The Await-Then Tango
// AI couldn't decide between await and .then()
async function processData(input) {
const step1 = await transform(input);
return await process(step1).then(async (step2) => {
const step3 = await validate(step2);
return step3;
}).then(result => {
return Promise.resolve(result);
});
}
// It's like using both belt and suspenders, then adding glue
The Race Condition Generator
// AI tried to parallelize, created race conditions instead
async function updateUserStats(userId) {
const user = await getUser(userId);
// These all modify the same user object
updateLoginCount(user); // Not awaited
updateLastSeen(user); // Not awaited
await updateActivityLog(user); // Only this is awaited
await saveUser(user); // Race condition: other updates might not be done
}
Why AI Gets Confused
1. Training on Historical Code
AI learned from 15 years of JavaScript evolution. It's seen callbacks (2009), promises (2012), and async/await (2017) all mixed together in tutorials.

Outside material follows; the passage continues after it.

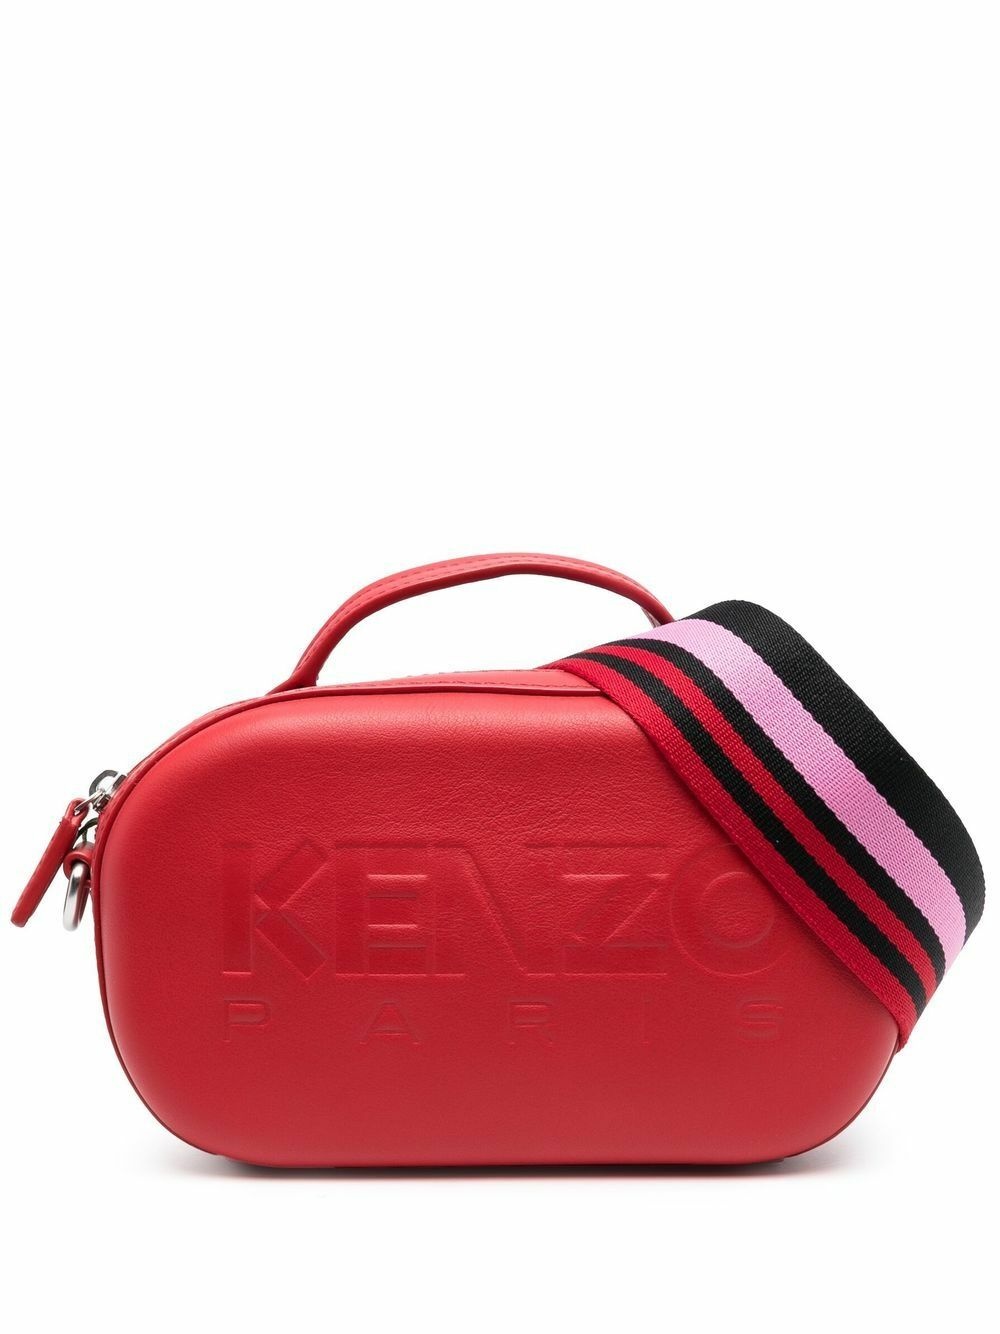 KENZO - Small Leather Crossbody Bag Kenzo

2. No Understanding of Time
AI doesn't grasp that async/await replaced callbacks. To AI, they're all equally valid tools to use simultaneously.

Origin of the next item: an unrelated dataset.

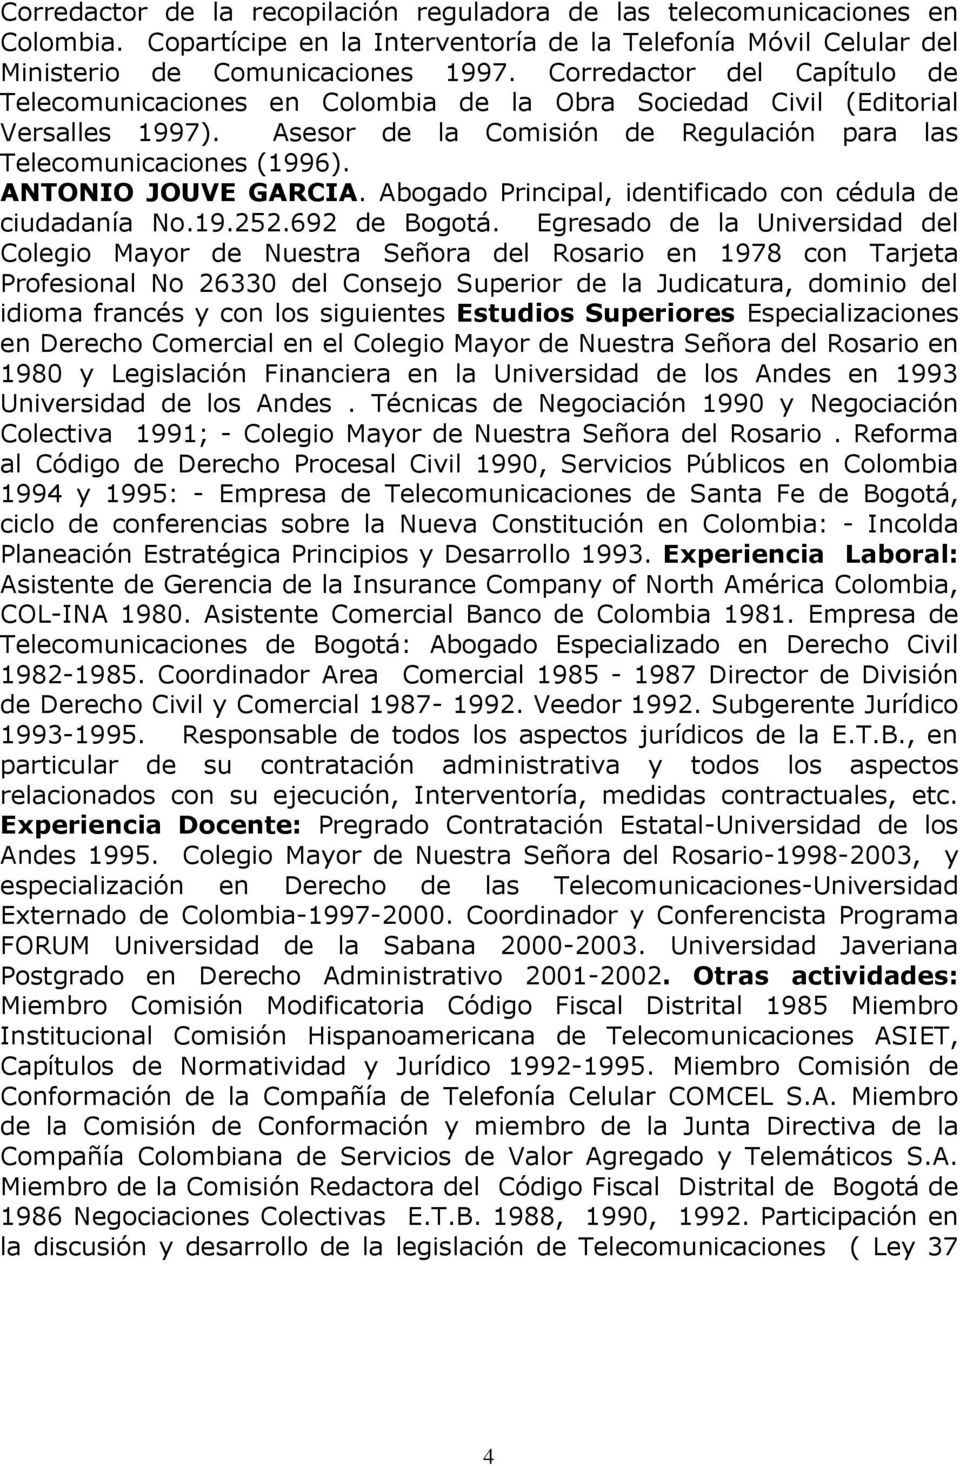 ANTONIO JOUVE GARCIA. Abogado Principal, identificado con cédula de ciudadanía No.19.252.692 de Bogotá.

3. Pattern Matching Gone Wrong
Sees async function? Add await! Sees callback? Keep it! Sees promise? Add .then()! Why not all three?
The Actually Modern Version
// What it should have been
async function loadUserData(userId) {
const user = await getUser(userId);
const [orders, payments] = await Promise.all([
getOrders(user.id),
getPayments(user.id)
]);
return { user, orders, payments };
}
// That's it. That's the whole function.
AI Async Antipatterns Hall of Fame
The Forgotten Await
async function deleteUser(userId) {
const user = getUser(userId); // Forgot await
console.log(user.name); // user is a Promise, not an object
}
The Synchronous Async
// AI marks it async but never uses await
async function calculateTotal(items) {
let total = 0;
for (const item of items) {
total += item.price * item.quantity;
}
return total;
}
The Try-Catch Confusion
async function riskyOperation() {
try {
doSomethingSync(); // This can throw
} catch (e) {
console.error(e);
}
// AI puts async operation outside try-catch
const result = await doSomethingAsync(); // Uncaught rejections!
return result;
}
Rules for AI Async Code
- Pick ONE pattern - Either callbacks OR promises OR async/await
- If async/await, no .then() - That's the whole point
- If it's not async, don't await it - Math.random() isn't a promise
- Wrap all awaits in try-catch - Or errors vanish into the void
- Use Promise.all() for parallel operations - Not sequential awaits
The Prompt That Works
"Convert this callback-based code to use ONLY async/await.
Rules:
- No callbacks in the final version
- No .then() or .catch()
- Use try-catch for error handling
- Use Promise.all() for parallel operations
- If a function doesn't return a promise, don't await it"
Testing AI's Async Understanding
// Give AI this test
"Make this code properly handle errors:"
async function fetchUserWithRetry(userId) {
const user = await fetchUser(userId);
return user;
}
// Good AI adds:
async function fetchUserWithRetry(userId, retries = 3) {
for (let i = 0; i < retries; i++) {
try {
return await fetchUser(userId);
} catch (error) {
if (i === retries - 1) throw error;
await new Promise(r => setTimeout(r, 1000 * Math.pow(2, i)));
}
}
}
// Bad AI adds .then() and callbacks mixed with await
AI mixing async patterns is like watching someone write with their left hand, right hand, and a foot simultaneously. Impressive flexibility, terrible results. The evolution from callbacks to promises to async/await was supposed to make code cleaner, not give us the option to use all three at once. When asking AI to modernize async code, be very specific about which century's JavaScript patterns you want to use.